*** Provided material
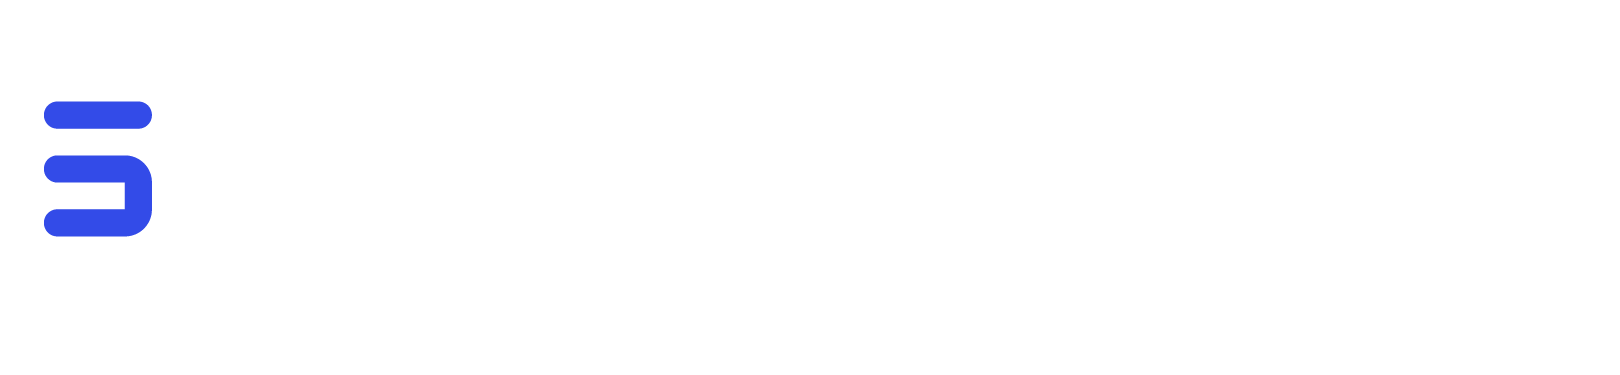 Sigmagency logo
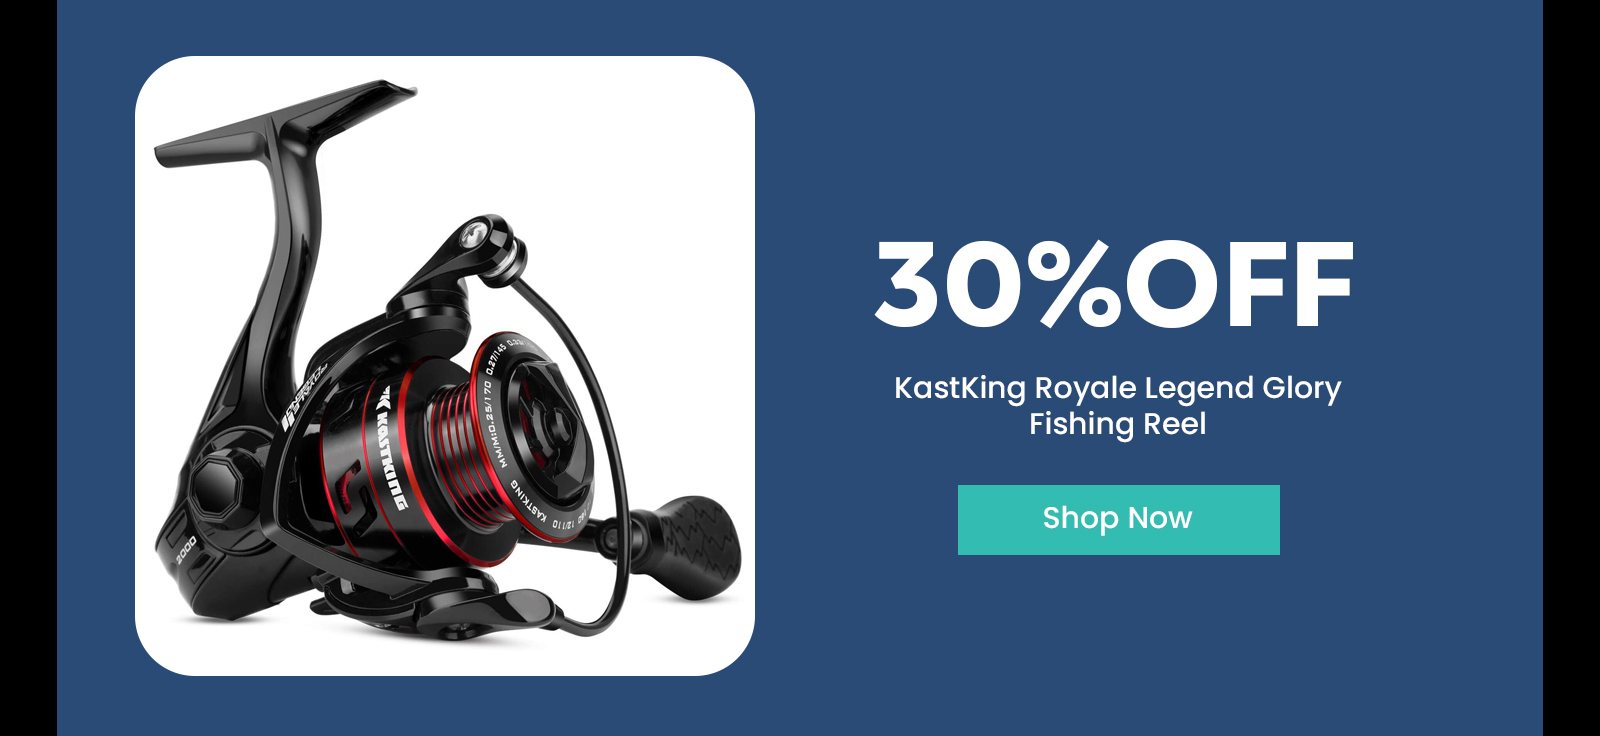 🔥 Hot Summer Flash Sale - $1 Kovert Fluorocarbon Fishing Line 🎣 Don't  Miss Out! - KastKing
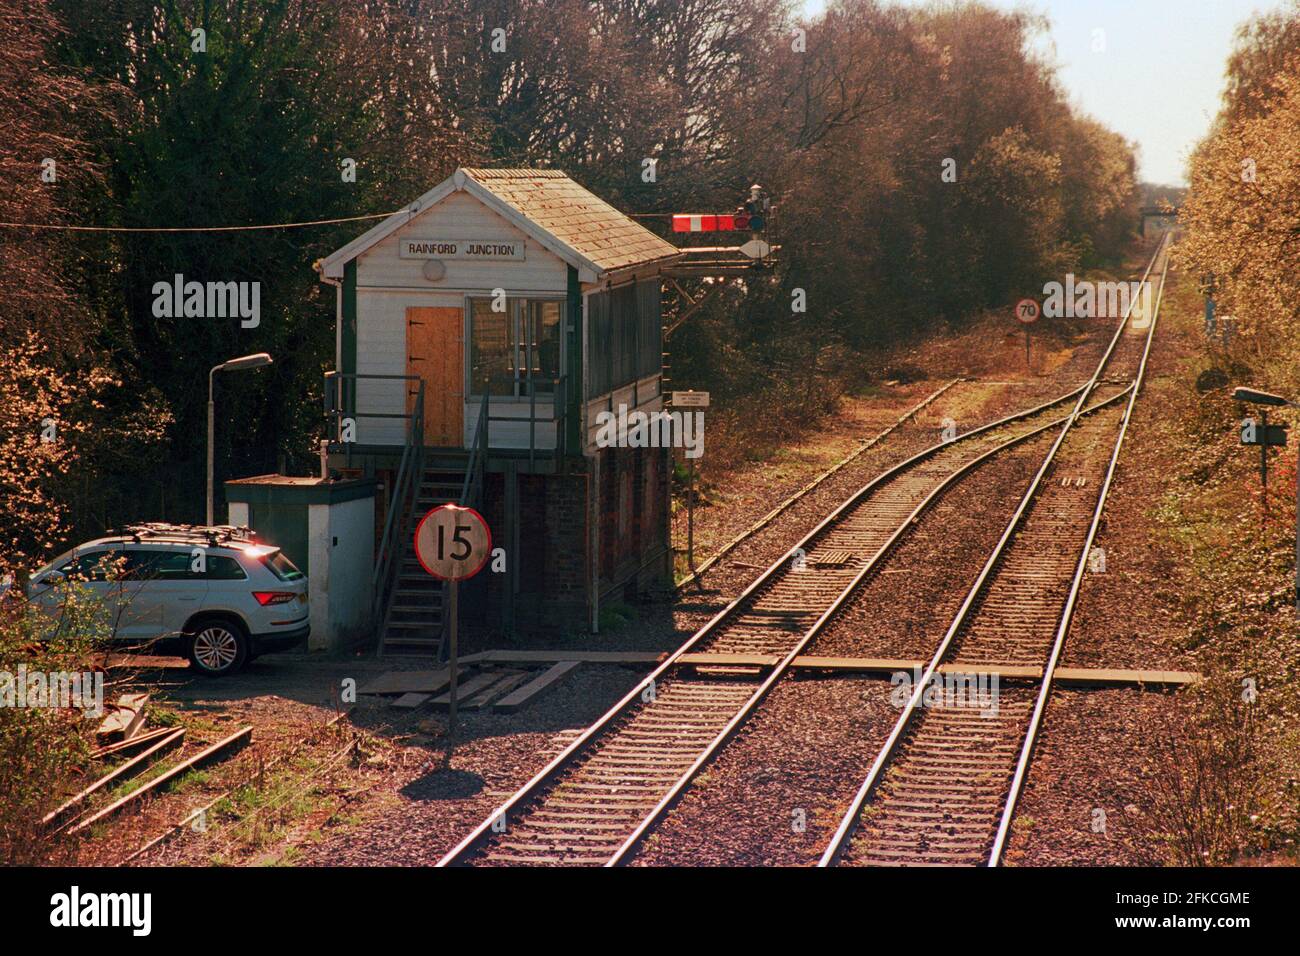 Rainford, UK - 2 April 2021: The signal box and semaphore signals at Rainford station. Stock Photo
******
▶ **Task statement**:
The material must be returned exactly, with its pictures omitted.

▶ **Expected answer**:
 Sigmagency logo
 🔥 Hot Summer Flash Sale - $1 Kovert Fluorocarbon Fishing Line 🎣 Don't  Miss Out! - KastKing
 Rainford, UK - 2 April 2021: The signal box and semaphore signals at Rainford station. Stock Photo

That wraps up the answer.